The company's laboratory business - focused on discovery chemistry and process R&D services - led the charge, with revenues up 77 per cent to $38.5m. Net revenues of the firm's manufacturing services division were up 53 per cent to $18.7m, operating profit nearly doubled to $11.7m. Dr Ge Li, WuXi PharmaTech's chairman and CEO, said in a conference call: " This quarter marked the beginning of a new phase as a global company following the acquisition of AppTec.
It takes us closer to our goal of transforming pharmaceutical and medical device R&D worldwide."
In part the strong increases were a result of the $169m acquisition of US company AppTec Laboratory Services at the end of January, which provided two months' contributions in the quarter, as well as representing WuXi's first foray into biologics manufacturing.
The US business provided around $6m in lab revenues and $5m from contract manufacturing.
Following the acquisition, WuXi is being reorganised into five key areas: laboratory discovery, safety evaluation and medical device and biosafety testing - all under the lab services banner - as well as chemical and biologics manufacturing services.

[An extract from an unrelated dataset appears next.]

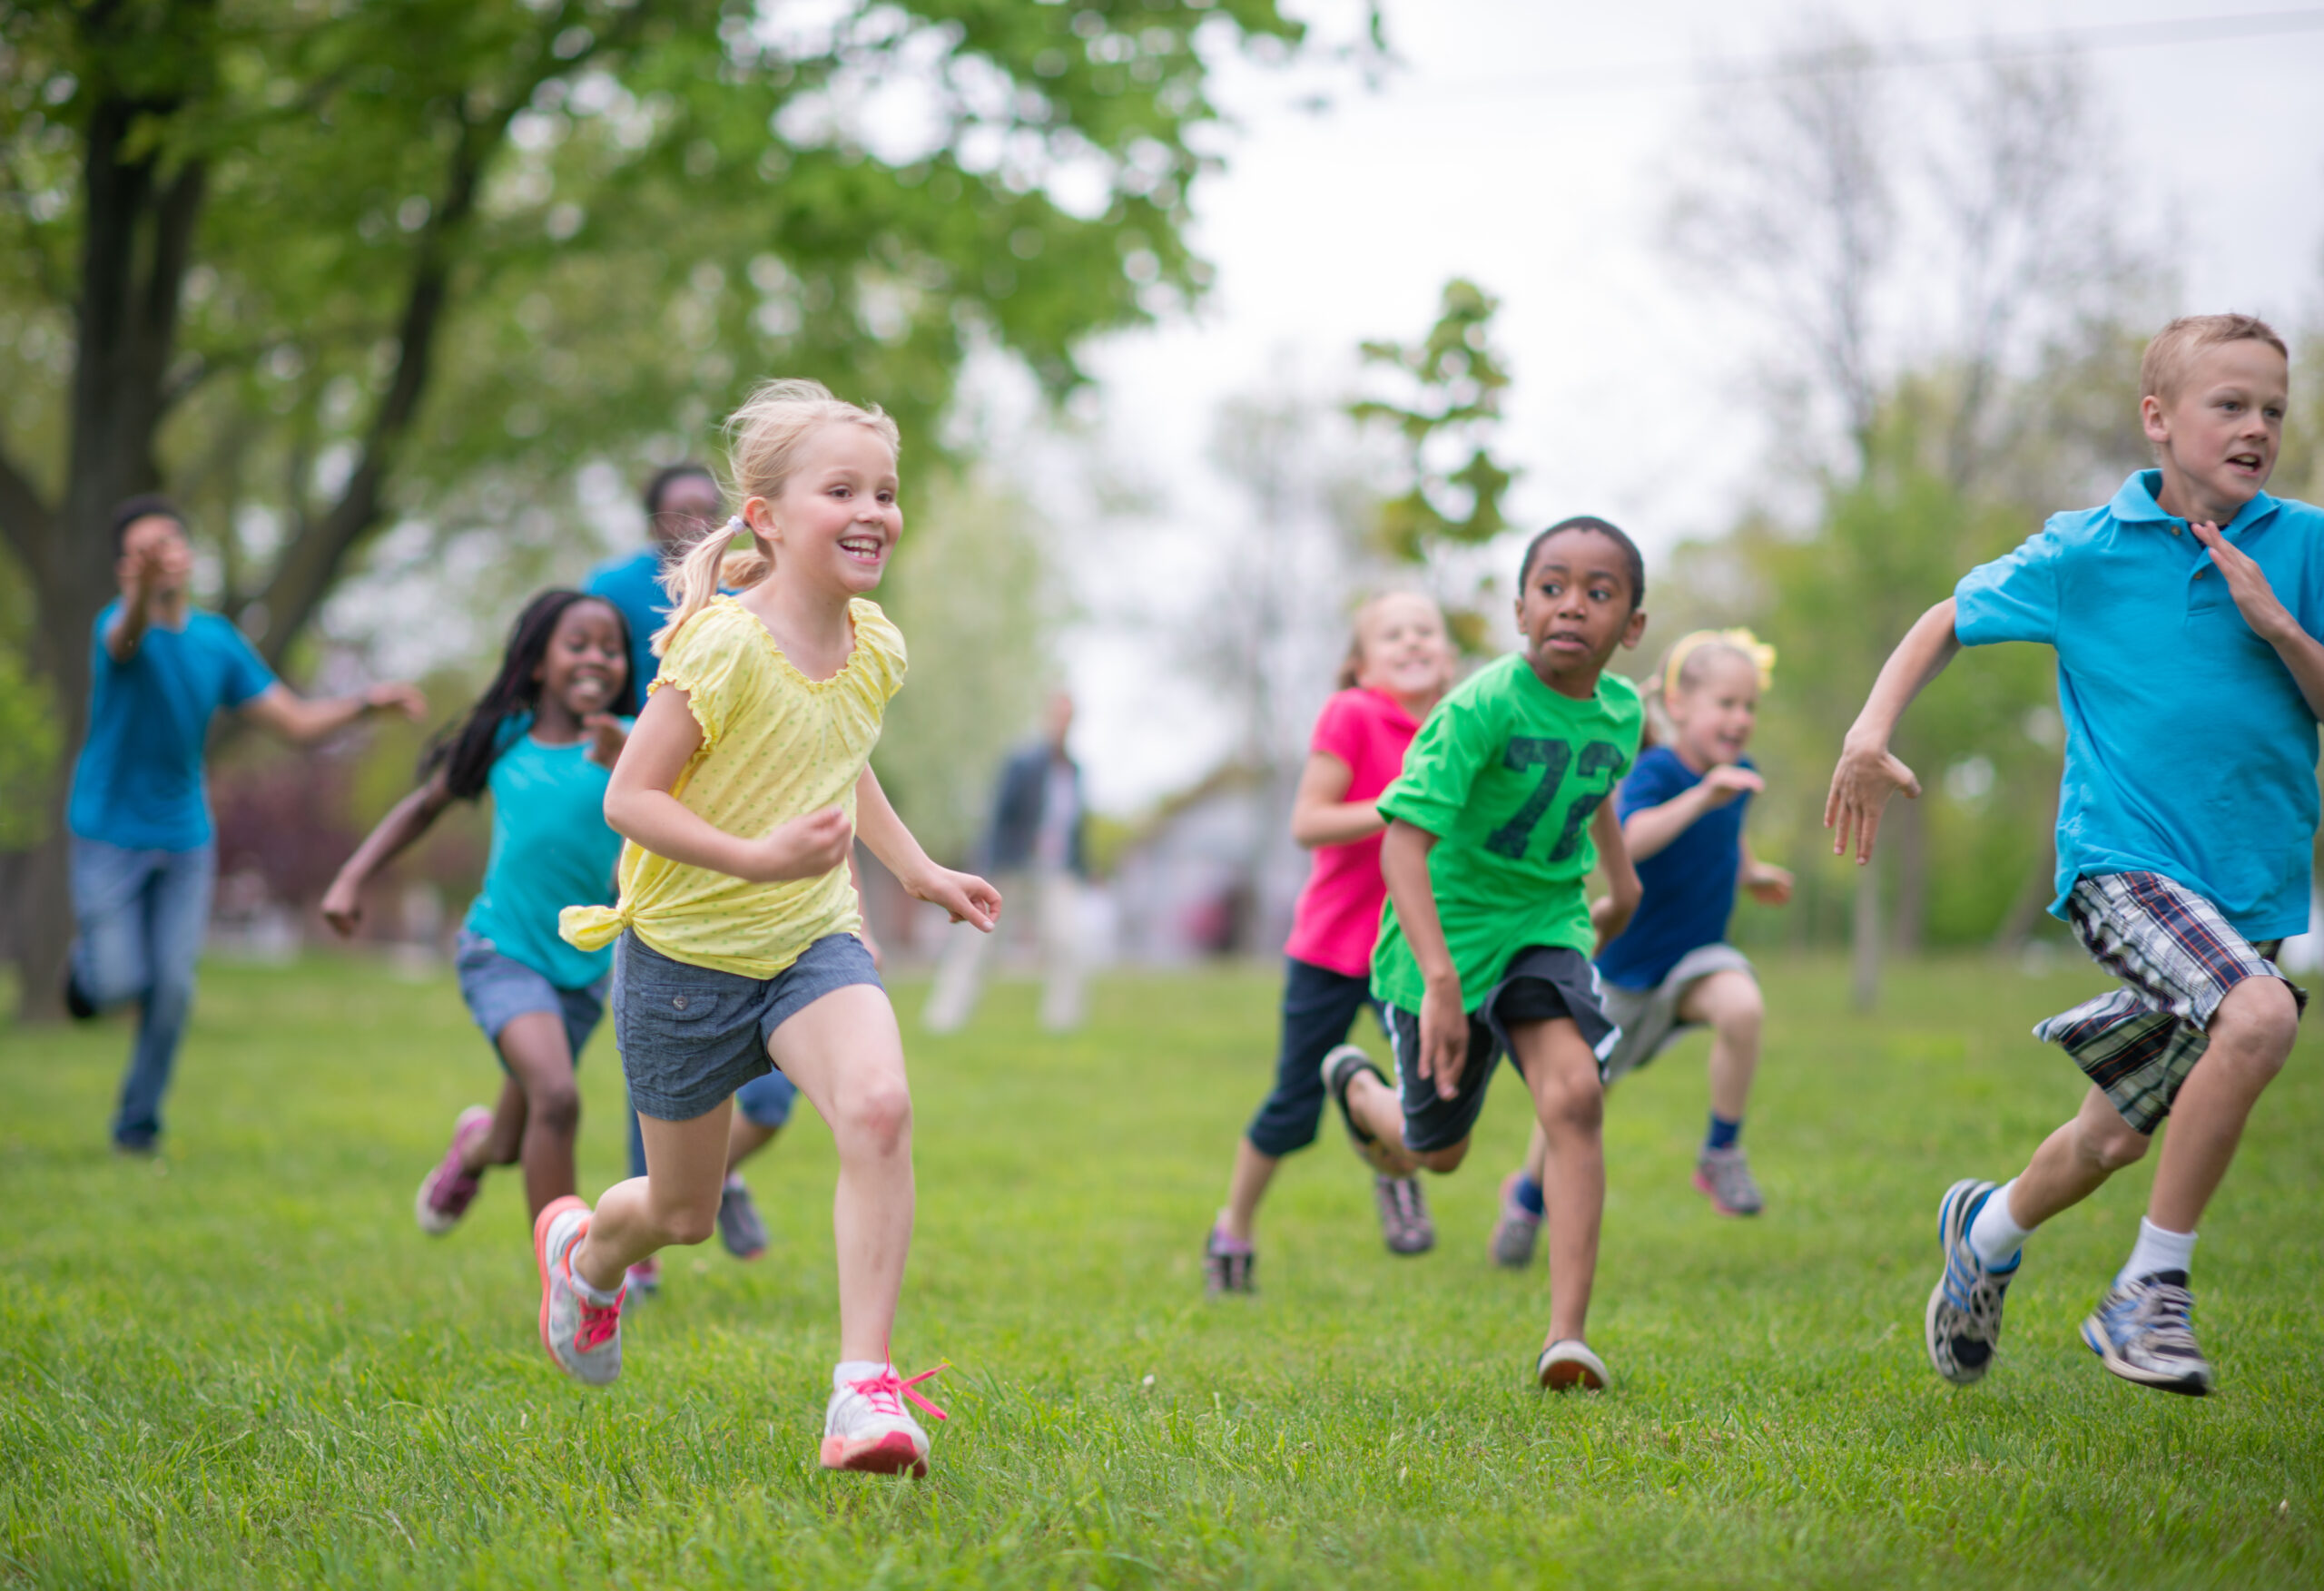 A photograph of a group of children running outdoors at a public park together. They are dressed casually on a summer's day.

The strength of the business is witnessed by the fact that underlying revenue growth - excluding the contribution from the now-renamed WuXi AppTec - was 36 per cent.
In fact WuXi AppTec came in a little under expectations, which the parent company has attributed to a delay in making full use of its biologics manufacturing capacity.
The company expects capacity utilization to reach around 50 per cent later this year, having been " well below that " in the first quarter, said Li.
But it was quick to stress that this situation is not unusual - WuXi only started chemical; manufacturing in 2003 and that took three to four years to ramp up.
The same pattern is expected for biologics, according to Edward Hu, WuXi's chief operating officer.
WuXi said it still maintained its revenue forecast for the full year at $280-$300m, with around $90m coming from AppTec.
Part of its growth strategy relies on bringing new facilities on line, and Hu confirmed that an ongoing expansion of its manufacturing plant in Jinshan will complete before the end of the year.
Once finished, the investment will boost capacity at the facility from 220,000 sq. ft. to 570,000 sq. ft.
Its laboratory testing facility in Suzhou - fully 325,340 sq. ft. of good laboratory practice (GLP) safety evaluation capacity - will be completed in 2009, he added.